* _About this exercise_: Please copy exactly the lines that begin with the one containing "Batmax 3.6V 1000mAh" and end with the last line of the entries.

* _Records for processing_:
*****
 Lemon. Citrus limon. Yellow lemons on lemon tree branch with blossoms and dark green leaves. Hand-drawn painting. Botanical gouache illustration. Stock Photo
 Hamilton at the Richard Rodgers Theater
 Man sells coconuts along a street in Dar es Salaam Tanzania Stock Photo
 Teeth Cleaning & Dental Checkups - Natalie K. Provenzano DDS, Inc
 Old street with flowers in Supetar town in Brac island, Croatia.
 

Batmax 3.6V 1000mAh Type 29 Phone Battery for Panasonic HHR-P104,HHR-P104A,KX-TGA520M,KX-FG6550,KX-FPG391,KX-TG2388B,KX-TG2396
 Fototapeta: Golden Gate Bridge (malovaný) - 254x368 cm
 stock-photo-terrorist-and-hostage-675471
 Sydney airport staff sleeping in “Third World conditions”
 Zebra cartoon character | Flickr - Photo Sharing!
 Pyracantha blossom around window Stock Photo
*****
* _Result for this task_:
Batmax 3.6V 1000mAh Type 29 Phone Battery for Panasonic HHR-P104,HHR-P104A,KX-TGA520M,KX-FG6550,KX-FPG391,KX-TG2388B,KX-TG2396
 Fototapeta: Golden Gate Bridge (malovaný) - 254x368 cm
 stock-photo-terrorist-and-hostage-675471
 Sydney airport staff sleeping in “Third World conditions”
 Zebra cartoon character | Flickr - Photo Sharing!
 Pyracantha blossom around window Stock Photo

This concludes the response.